Inspiration
Our project was inspired by the idea that large amounts of meaningful data already exist but are often inaccessible or difficult to interpret. Specifically, in commercial buildings, energy usage data is available across utility bills, weather records, and public datasets, yet most building owners never receive detailed energy audits because they are expensive and time-consuming. A traditional Level II ASHRAE energy audit can cost between $15,000 and $50,000 and take months to complete, which means many mid-size buildings never analyze their energy performance at all.
Our goal was to use data storytelling to transform this raw data into a clear narrative about how a building consumes energy, where inefficiencies exist, and what improvements could meaningfully reduce costs and emissions. We also wanted the project to be technically ambitious, combining statistical modeling, machine learning, data visualization, and a robust tech stack. Our project shows that data storytelling can turn info we already have into actionable information that supports better sustainability decisions at an institutional level.
What it does
Architec gives any building owner a professional energy audit in under 10 minutes, for free. You upload 12 months of utility bills, answer a few quick questions about your building, and the platform does the rest. It reads your bills automatically, pulls in local weather records, and figures out exactly how much of your energy bill comes from heating, how much from cooling, and how much is just always-on equipment running in the background. It then compares your building against thousands of similar buildings nationwide to show you where you rank and where you're overpaying. If your energy use ever spiked in a way the weather can't explain, the system catches that too and flags it as a finding. From all of that, an AI energy engineer writes you a full audit report with specific recommended upgrades, estimated costs, and exactly how long each one takes to pay for itself. You can also ask it questions out loud and get answers in plain English through a voice interface. And instead of reading a dry PDF, you see your building in 3D with heat loss and solar potential mapped directly onto it, so the story of where your energy is going is something you can actually see.
How we built it
- Frontend: React and Next.js for the user interface and application framework
- Backend: FastAPI with Python for APIs, data processing, and analytics
- Rapid Prototyping: Appifex used to generate the initial application skeleton
- AI-Assisted Development: Claude Code used to accelerate development and implementation
- 3D Visualization: Custom Three.js implementation integrated with Mapbox GL for interactive building visualization
- Geometry Optimization: three-mesh-bvh for high-performance 3D mesh acceleration
- Solar Analysis: Google Solar API for rooftop solar potential and shading data
- AI / Intelligence Layer: Google Gemini for reasoning, inference, and OCR of utility documents
- Data: 2018 EIA CBECs microdata and NOAA
- Data Visualization: Recharts for energy trend and analytics charts
- Machine Learning: scikit-learn for anomaly detection and modeling (e.g., Isolation Forest)
- Database: Supabase Postgres for application data storage
- Voice Interface: ElevenLabs for a conversational AI assistant to narrate and explain the audit report
- Cloud Infrastructure: DigitalOcean for deployment and hosting
- Domain: GoDaddy for the .tech domain registration
Version Control & Collaboration: Git and GitHub for source control, versioning, and collaborative development
plenty of snacks and RedBulls/Monsters
Challenges we ran into
One of the hardest challenges that we ran into was rendering the solar data and heat loss simulation onto Mapbox via Three.JS. The solar data was processed using GeoTIFF metadata, while Mapbox used WGS84 metadata, requiring us to reproject bounds.
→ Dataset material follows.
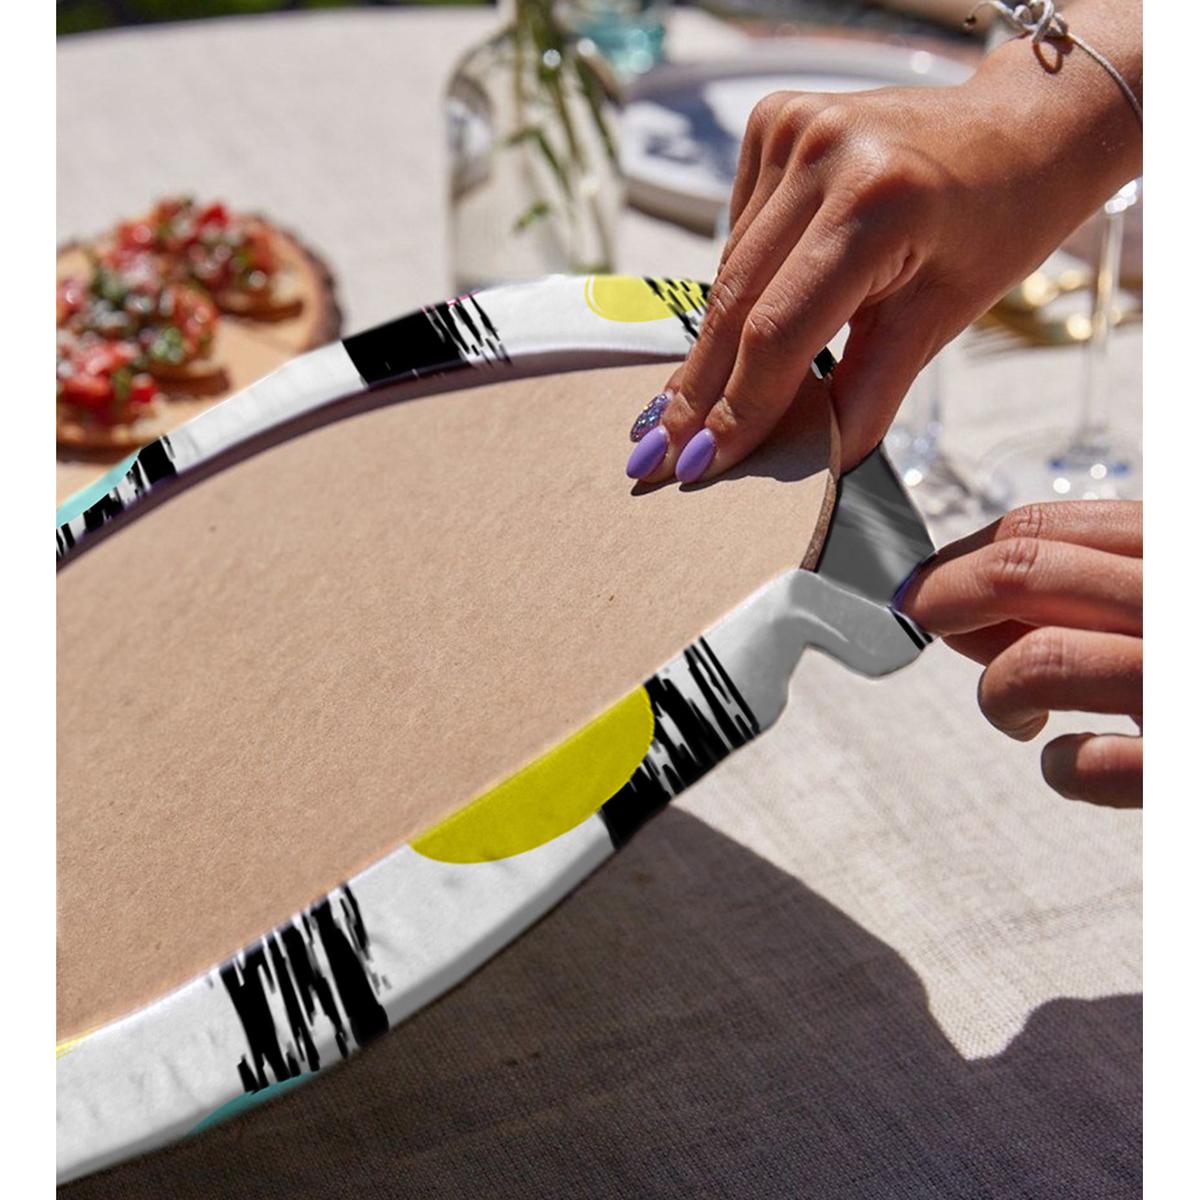 Realhomes Beyaz Zeminli Renkli Puantiye Desenli Dijital Baskılı Modern 2'li Yuvarlak Servis Altlığı - Supla Realhomes
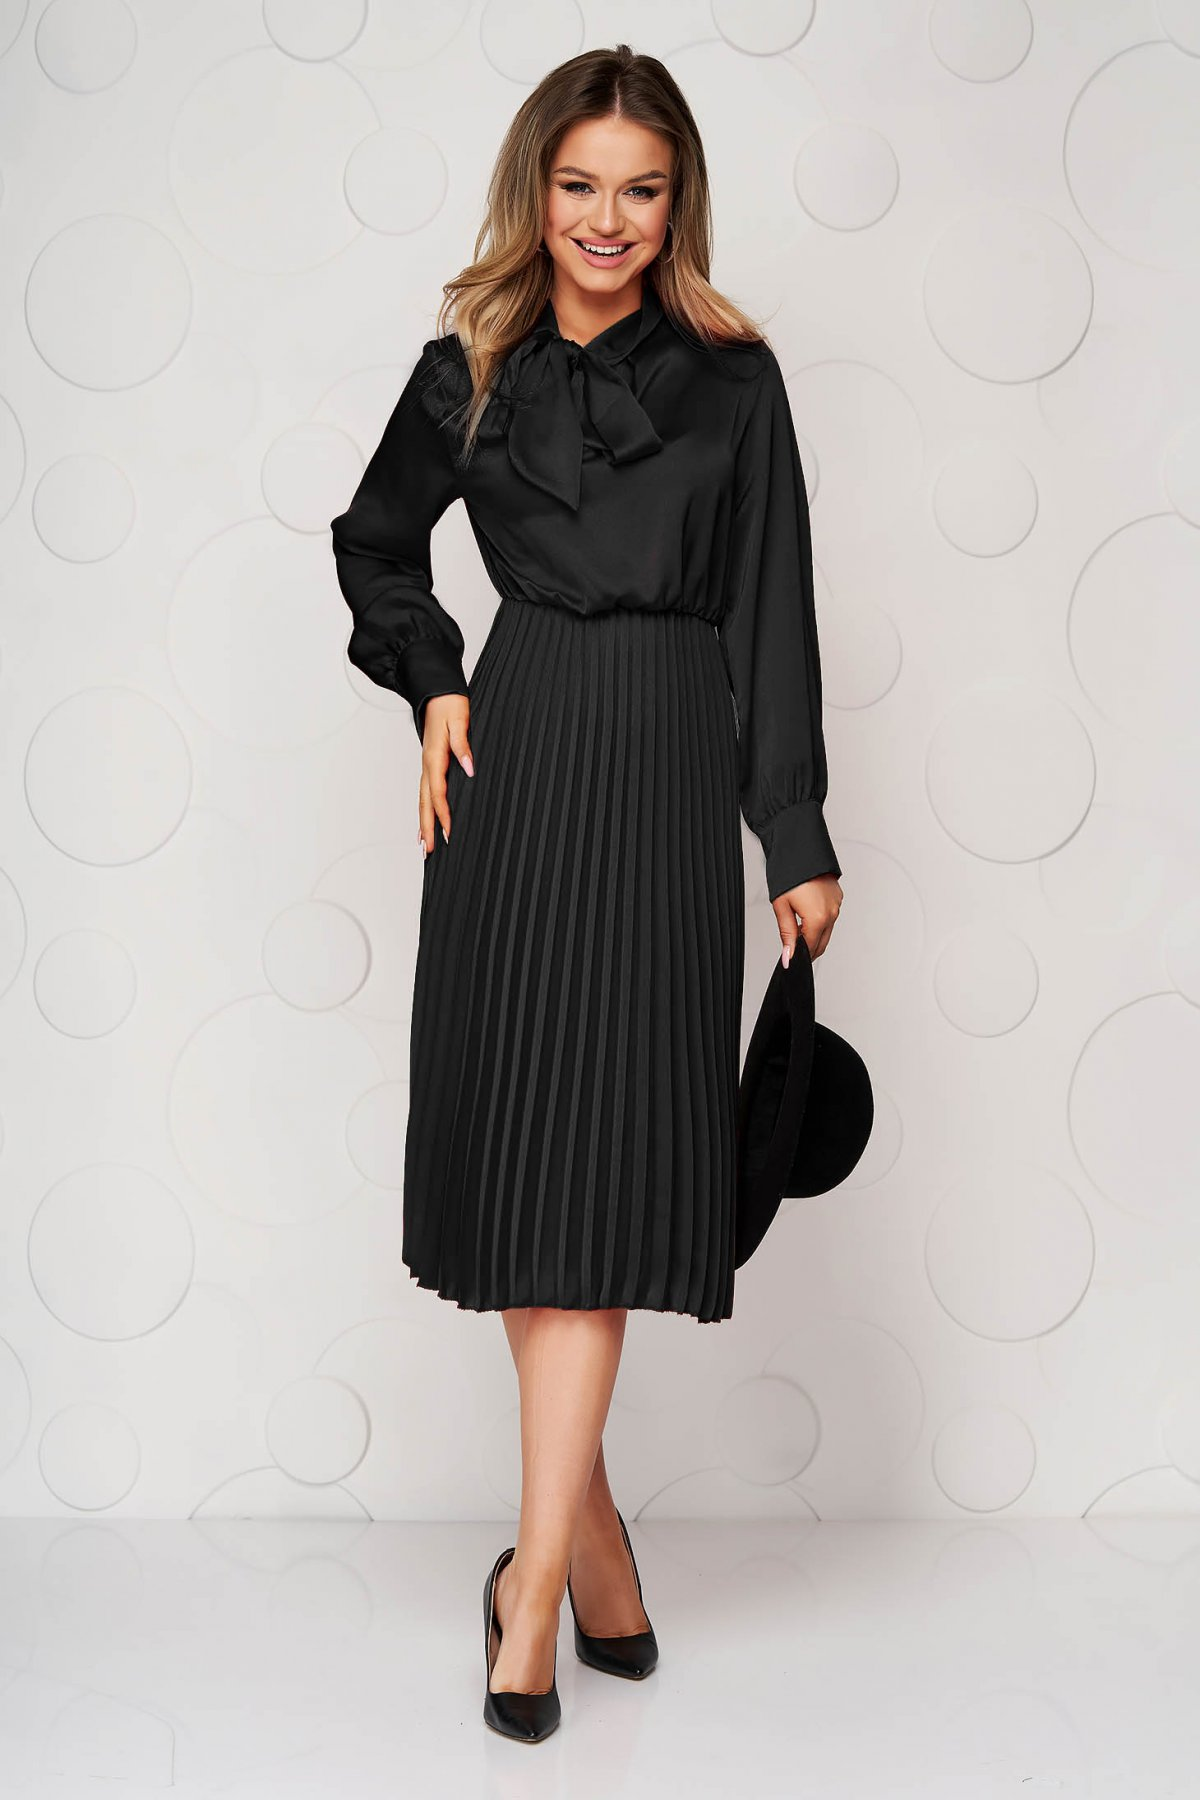 Rochie SunShine neagra office plisata din satin in clos cu elastic in talie

Not to mention the complexity of rendering a Three.JS layer on top of Mapbox to handle the simulations and the coloring. For a while, because rendering was dependent on the position of the camera, certain corners of buildings that started outside the would also not render, which caused issues. Another challenge was to have a personalized energy manager. The core technical hurdle was finding a way to give our AI a unique "brain" for every user’s specific property. We solved this by creating a real-time data flow that feeds our site-specific EUI data, anomaly detections, and upgrade models directly into the AI’s working memory. This allows the assistant to answer precise questions about the building’s ROI and technical findings, rather than just reciting general energy-saving tips. This is where ElevenLabs' Conversational AI became essential, providing the robust infrastructure needed to handle these dynamic context injections with natural, low-latency voice interaction.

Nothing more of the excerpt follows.